Some Interesting Stats & Facts

  • The word “Acadia” likely stems from “Arcadia,” a part of Greece that MDI reminded the explorer, Giovanni Verrazano of when he sailed by in 1524.
  • There was a major fire in 1947 referred to as “The Year Maine Burned,” that burned more than 10,000 acres within the park - 17,188 acres total acres on Mount Desert Island.
  • Much of the physical labor required to build the park's carriage roads and trails was provided by the Civilian Conservation Corps beginning in 1933.
  • Average Winter Temperature: 27 ° Fahrenheit (-2.77 Celsius)
  • Average Summer Temperature: 67 ° Fahrenheit (19.44 Celsius)
  • Annual Precipitation: 47 inches (119.38 Centimeters)
  • Altitude: 0 - 1,530 feet (0 - 466 meters)

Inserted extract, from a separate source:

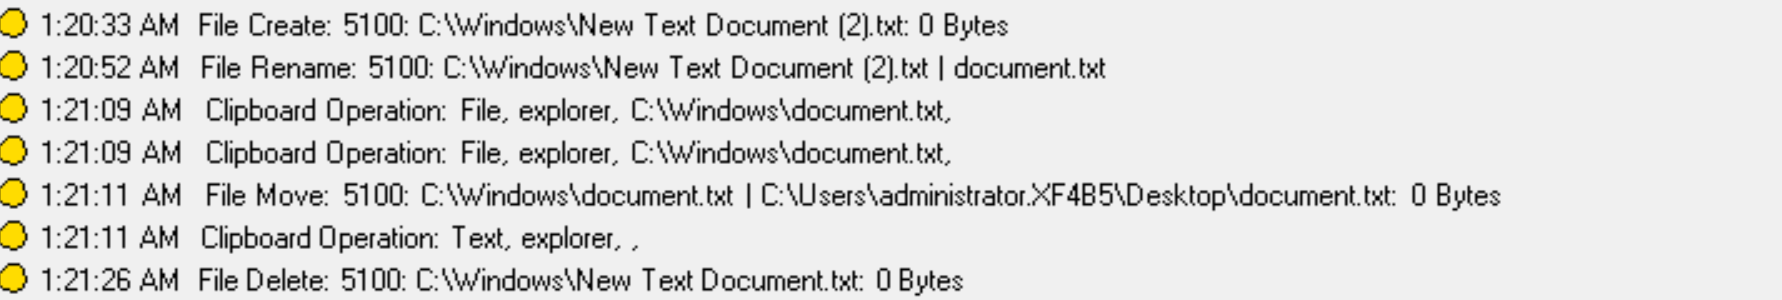 Operaciones de archivos

  • Mountains in Acadia: 26 (seven are more than 1,000 feet or 304.8 meters high)
  • Ocean Shoreline: Over 40 miles (64.37 K)

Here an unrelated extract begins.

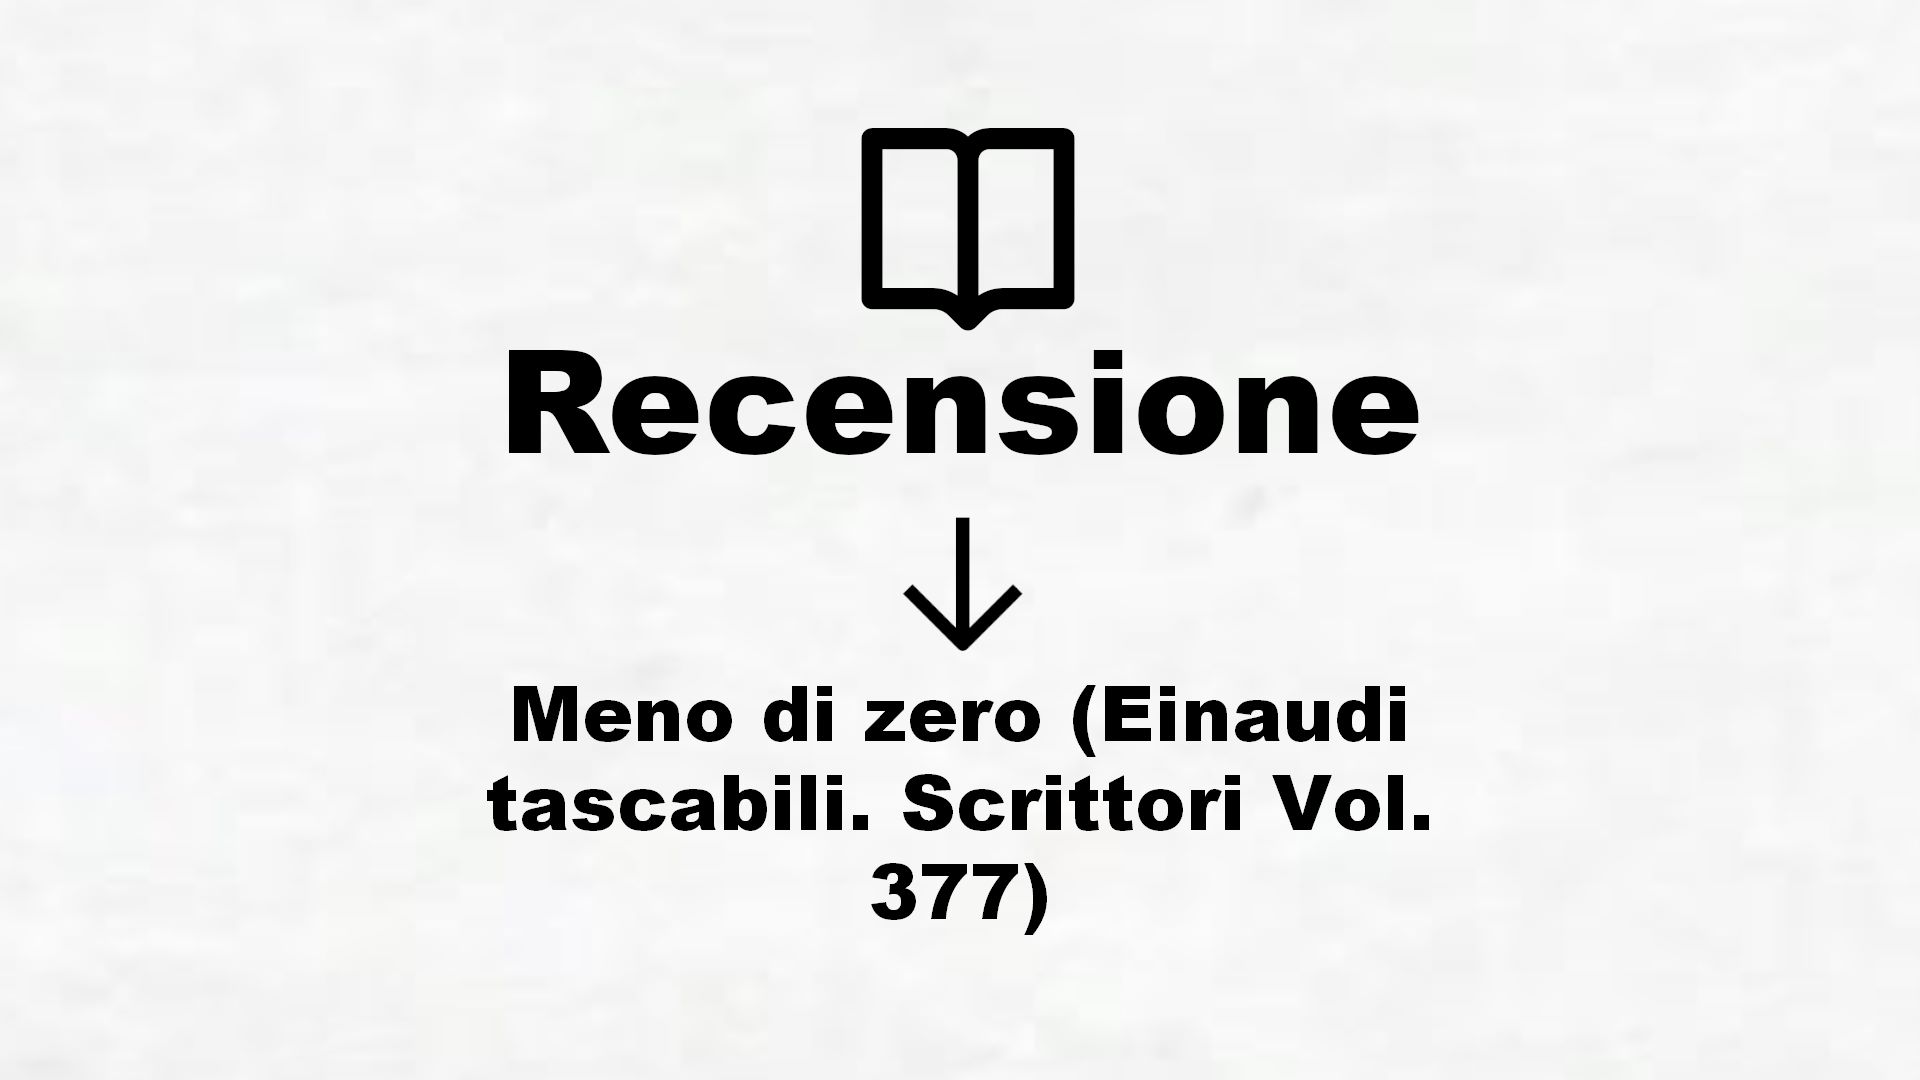 Meno di zero (Einaudi tascabili. Scrittori Vol. 377) – Recensione Libro

  • Visitors Per Year: Over two million

A Journey of Appreciation

Greg A. Hartford, photographer, author, publisherI admit, for many years my journeys into Acadia National Park were for sheer pleasure; the exhilaration of the moment experienced through such striking landscapes. But as I grew, so did my appreciation for the vision, dedication and hard work that was the lifeblood of this great National Monument. We all should be so lucky as to have had the amount of personal wealth and time to have accomplished so much. Yet, I am the first to say that I appreciate what was done and what continues to be done. The depth of what I experience and appreciate was enhanced even further by learning more about the history of this area, and the lives of those who truly did make a difference through their contributions, especially those who dedicated their lives and whose hands actually helped shape the land. To all of you, past, present, and those to come, I thank you. I invite all visitors to make the same journey of realization and appreciation by learning more about the park’s history, and even locations close by. A good place to start is at Sieur de Monts Spring.